Die Arbeit analysiert erstmals Anschlusskommunikation über Fernsehnachrichten in Bezugsgruppen. Die experimentelle Beobachtung stellt einen neuen Zugang zur Erforschung kommunikativer Nachrichtenaneignung her. 20 Zweiergruppen (Experimentalgruppe) und 20 Einzelpersonen (Kontrollgruppe) sahen zuerst eine Fernsehnachricht über Migranten in Deutschland und füllten dann einen Fragebogen aus. Die Dyaden mussten sich zudem über diesen Beitrag unterhalten. Die Anschlussgespräche wurden per Video aufgezeichnet, dann quantitativ und qualitativ analysiert.
Drei Funktionen der Gespräche wurden ermittelt: Rezipienten (1) erschließen sich dadurch das Nachrichtengeschehen, (2) interpretieren die Nachricht je nach persönlicher Relevanz und (3) handeln in der Gruppe Bewertungen aus. Während Medien Informationen liefern, wird die Relevanz bestimmter Themen in den Gesprächen festgelegt. Interessanterweise rekonstruieren die Probanden Inhalte anhand von selbst definierten ‚Nachrichtenfaktoren‘, die nicht mit denen der Nachrichtenwertforschung einhergehen müssen.

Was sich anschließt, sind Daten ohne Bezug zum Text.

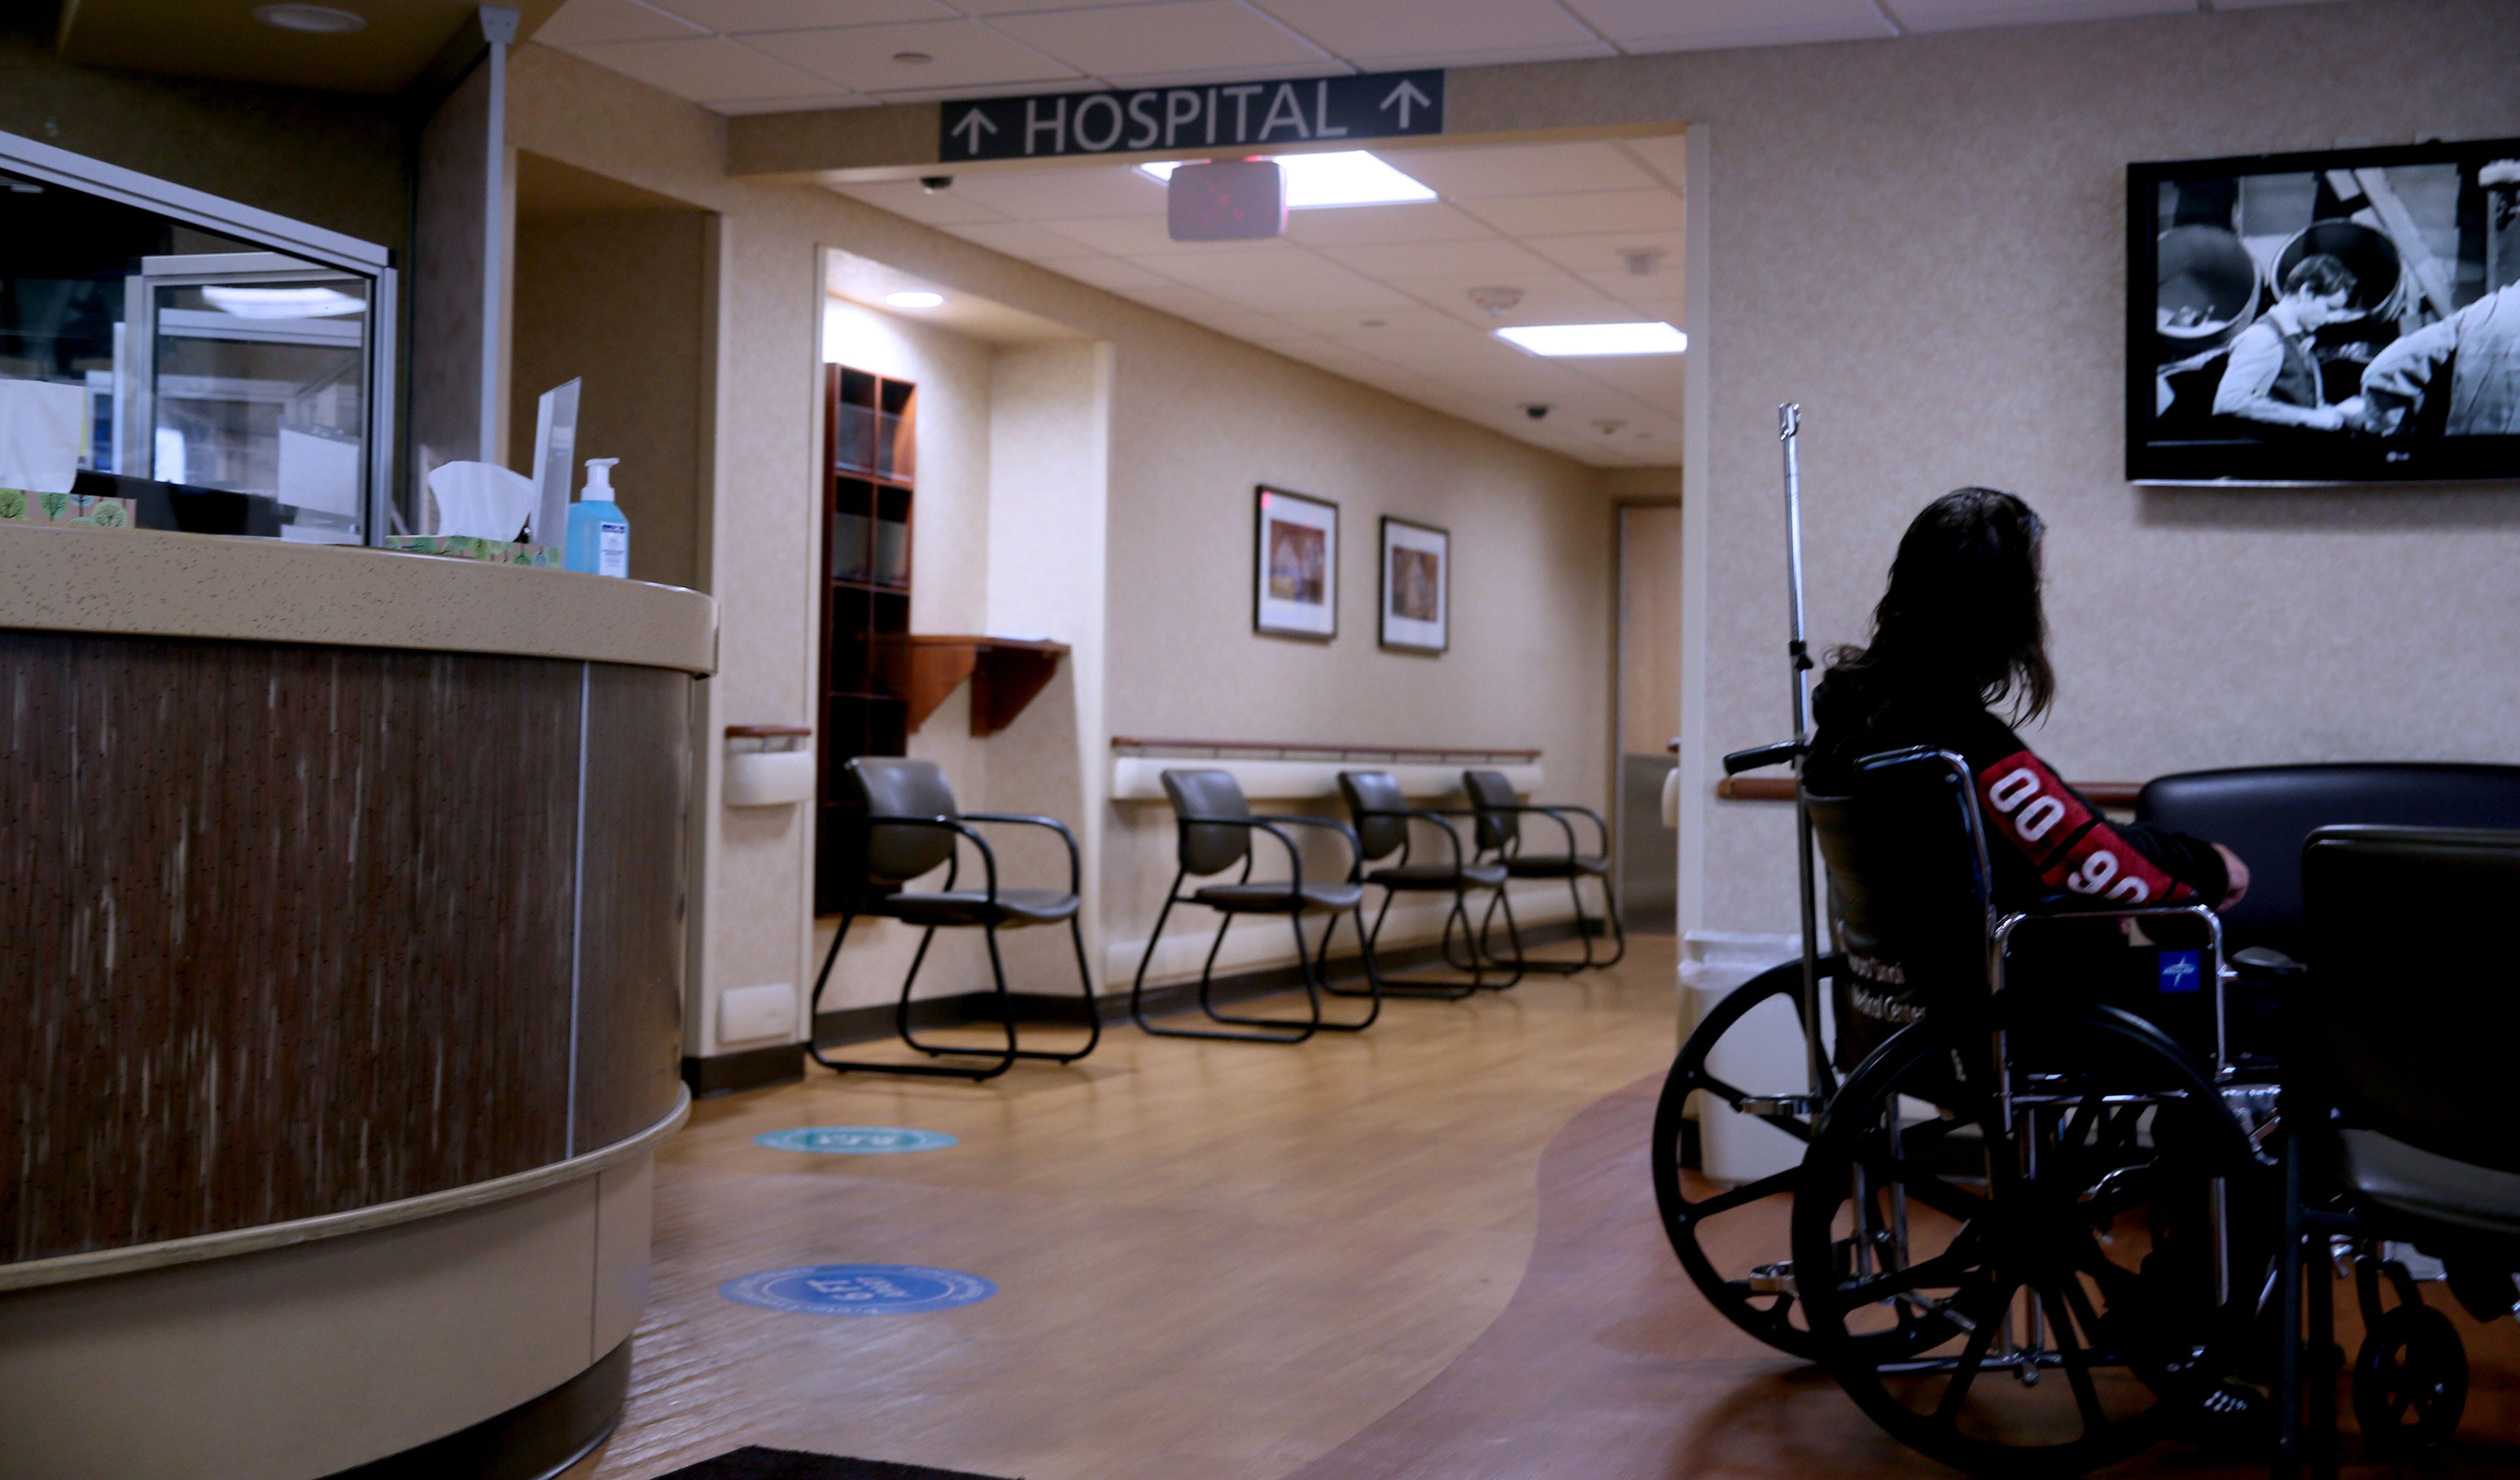 A patient waits in the emergency department of Ascension SE Wisconsin Hospital - St. Joseph Campus, Milwaukee. Poor people often use emergency departments for care, but never really improve their health.

Die Befragung ergab im Gruppenvergleich einige kurzfristige Einstellungseffekte, jedoch keine langfristigen Einstellungsänderungen. Die Laborbeobachtung von Anschlusskommunikation erweist sich als fruchtbare Methode, die oft unbewussten Aneignungsprozesse von Medieninhalten sichtbar zu machen. Zusätzlich können die qualitativen Ergebnisse bisheriger Feldstudien in Zukunft durch quantitative Daten validiert werden.